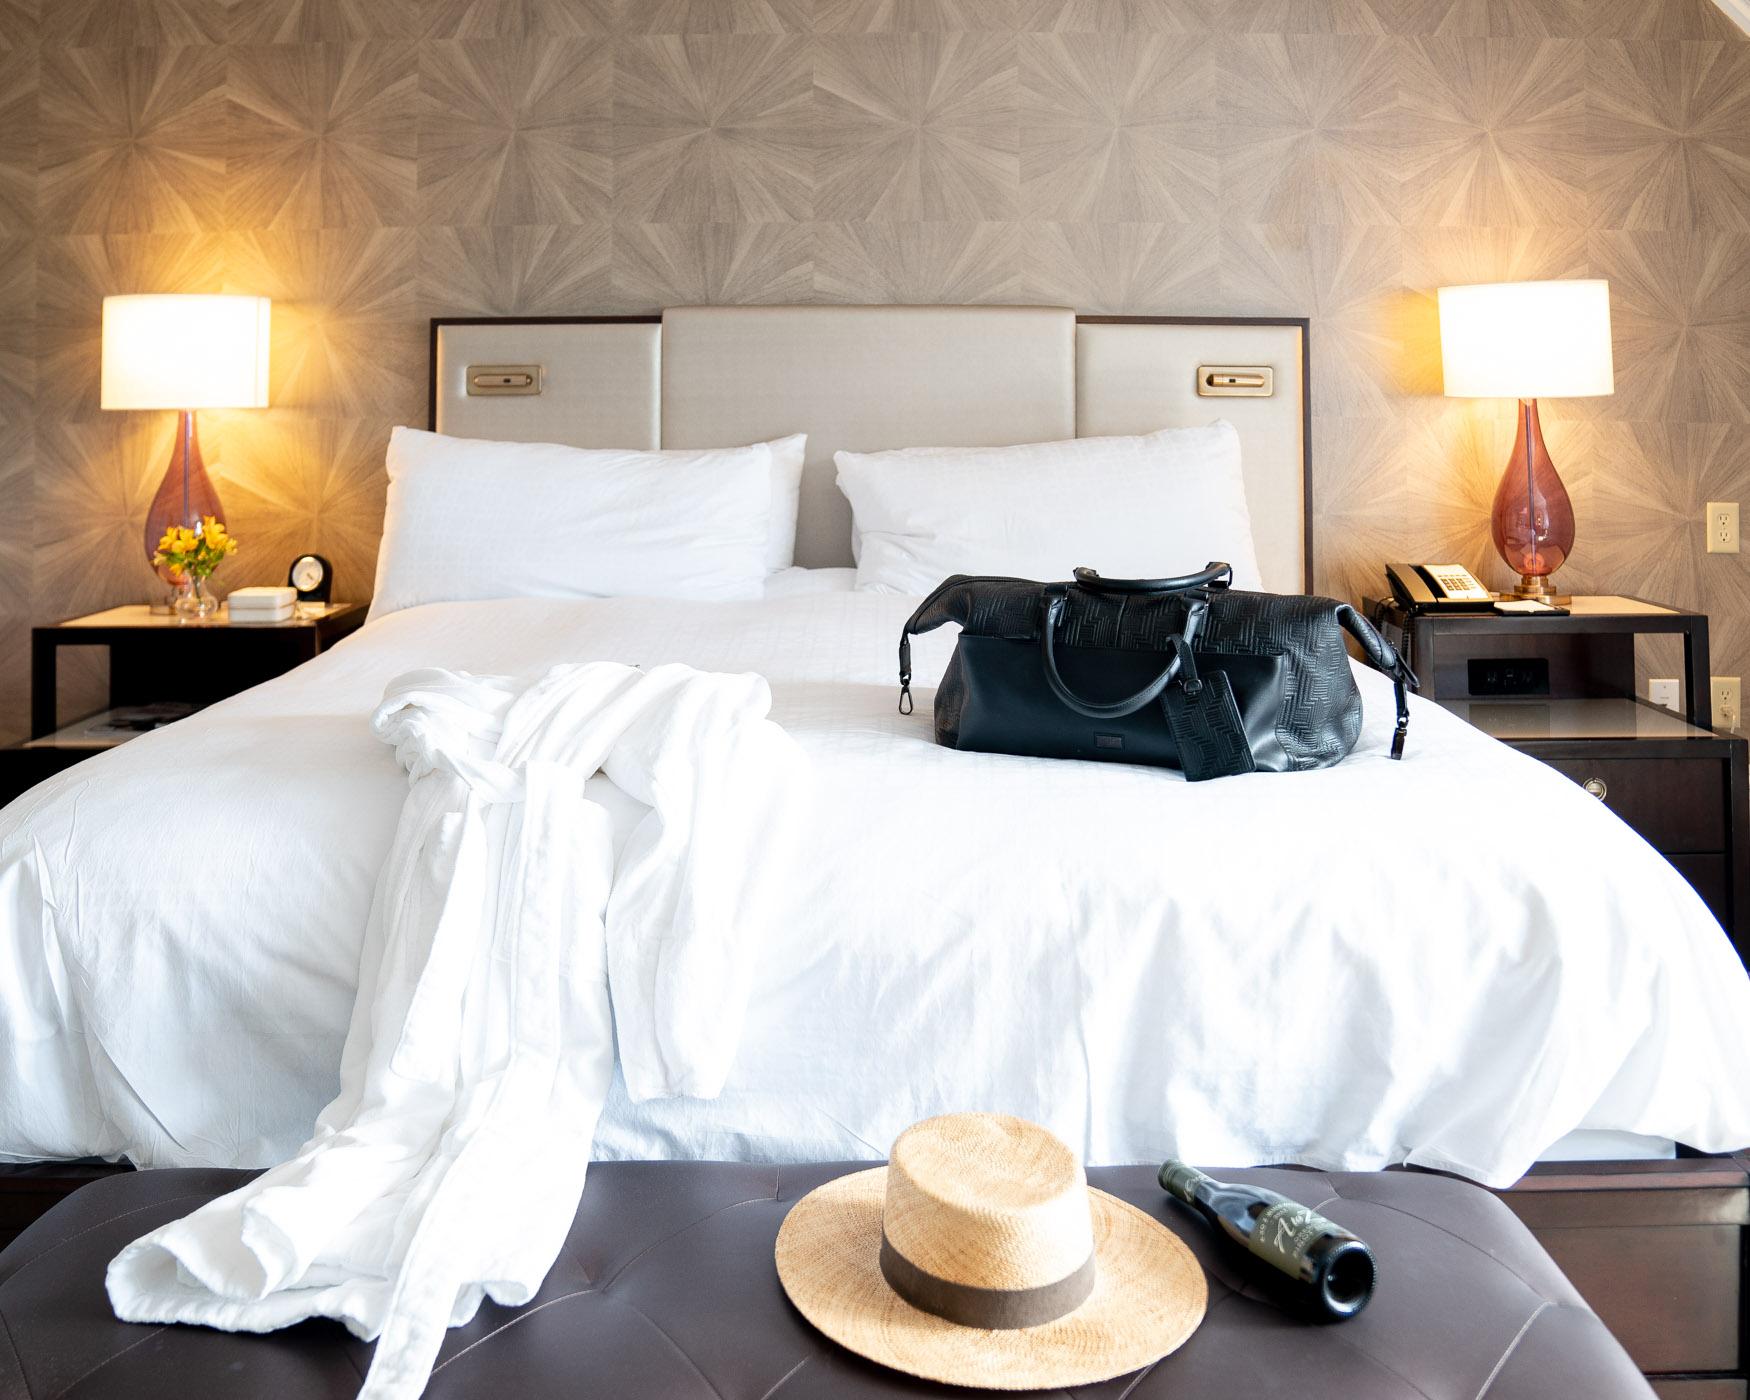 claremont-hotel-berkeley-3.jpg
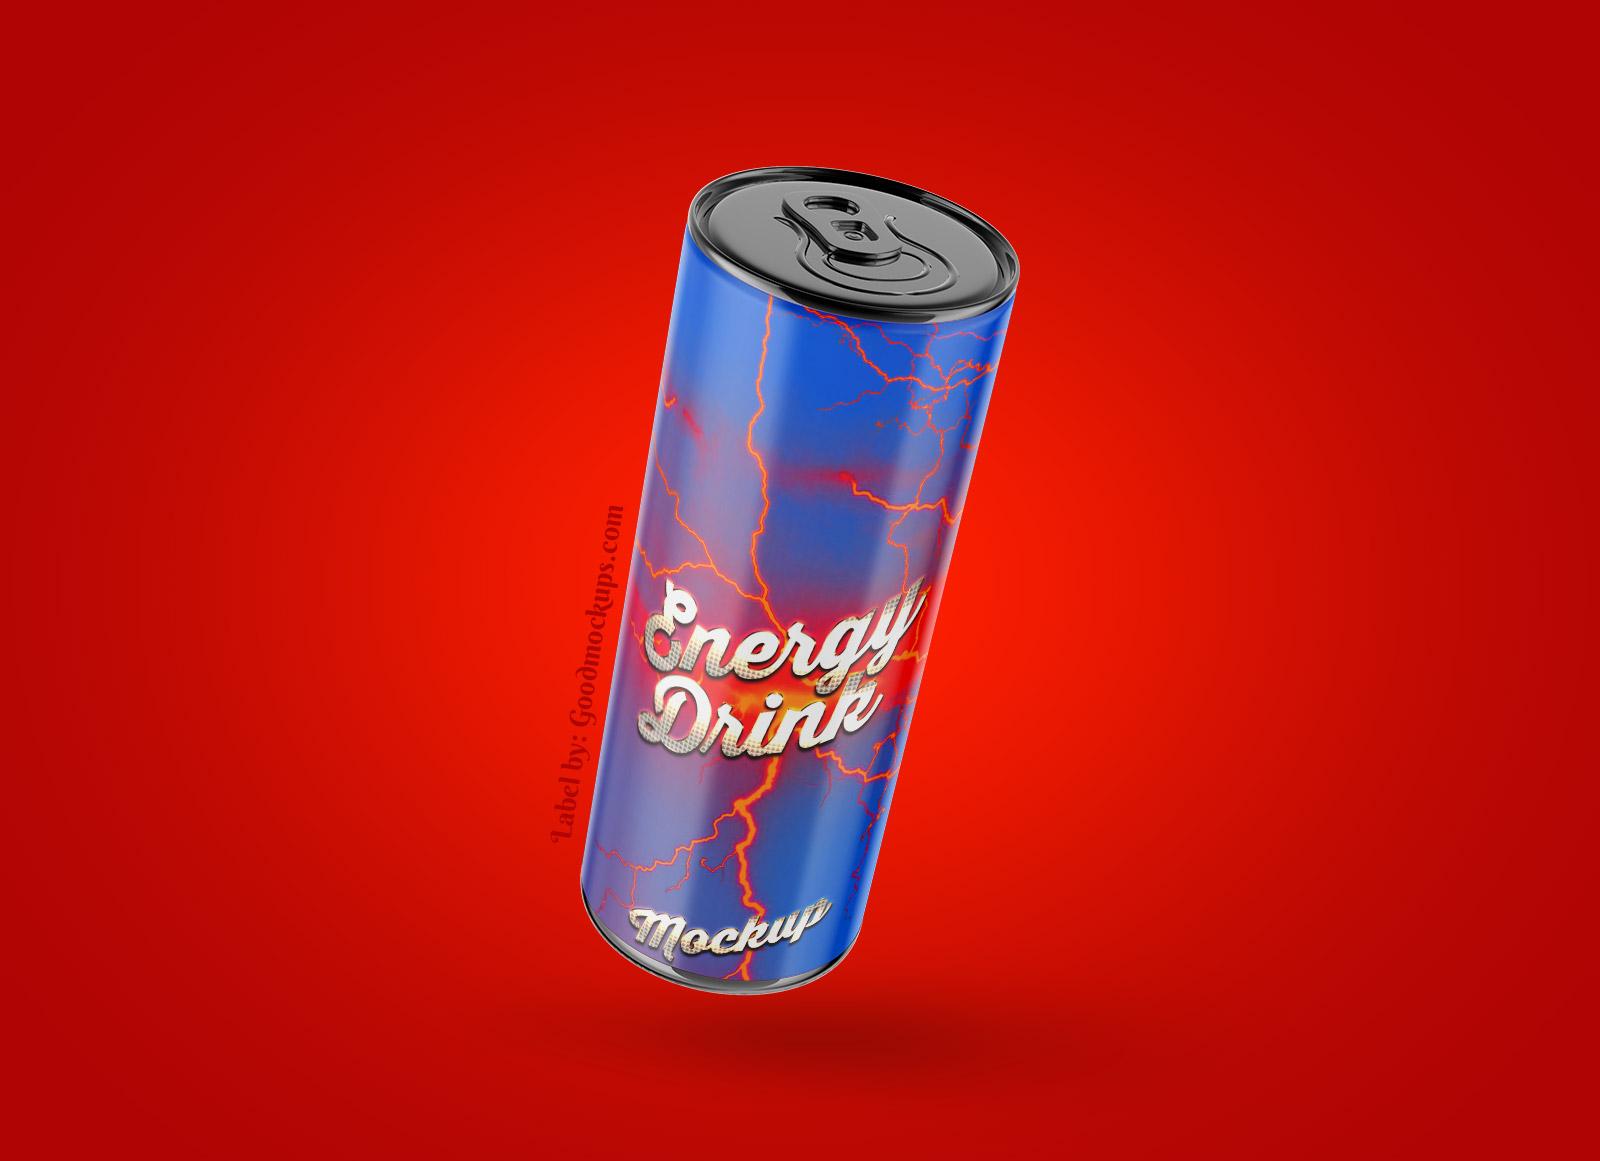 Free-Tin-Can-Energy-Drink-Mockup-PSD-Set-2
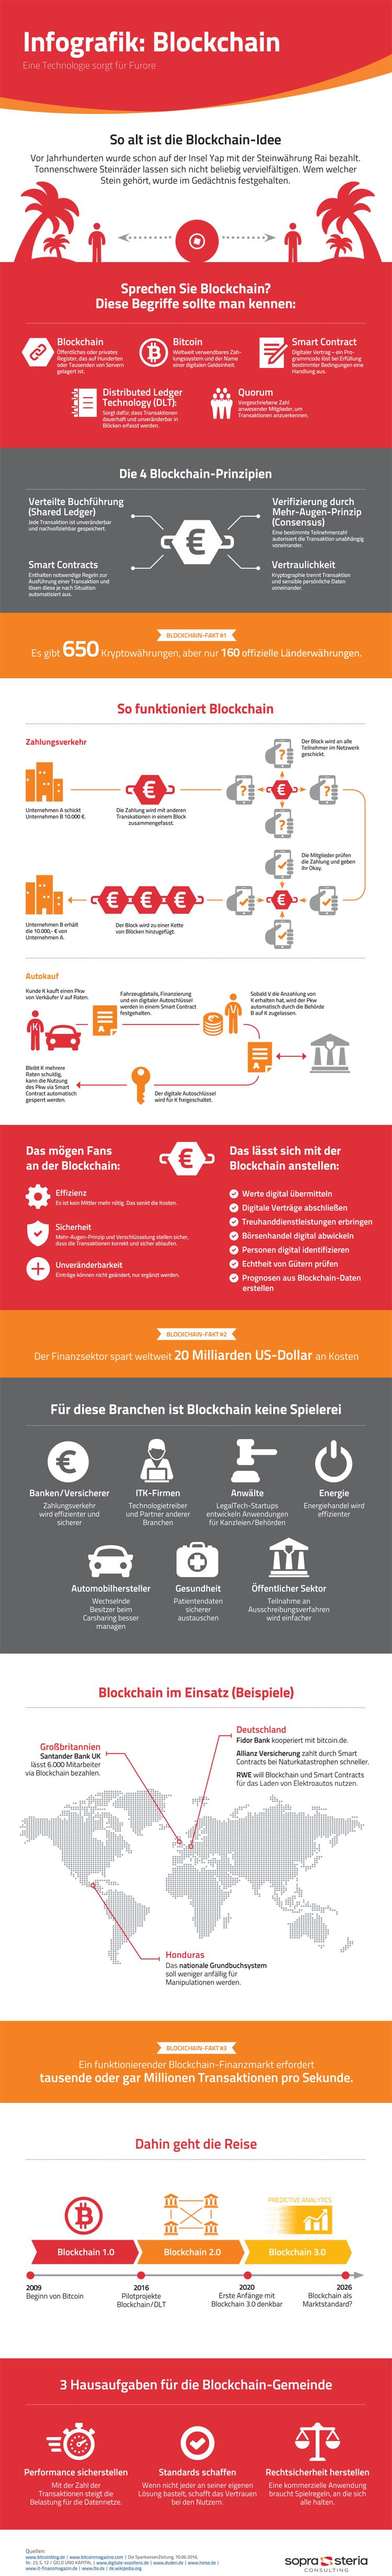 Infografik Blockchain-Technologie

________________________________________

Once the pictures are set aside, please reproduce the remaining material word for word.

 claremont-hotel-berkeley-3.jpg
 Free-Tin-Can-Energy-Drink-Mockup-PSD-Set-2
 Infografik Blockchain-Technologie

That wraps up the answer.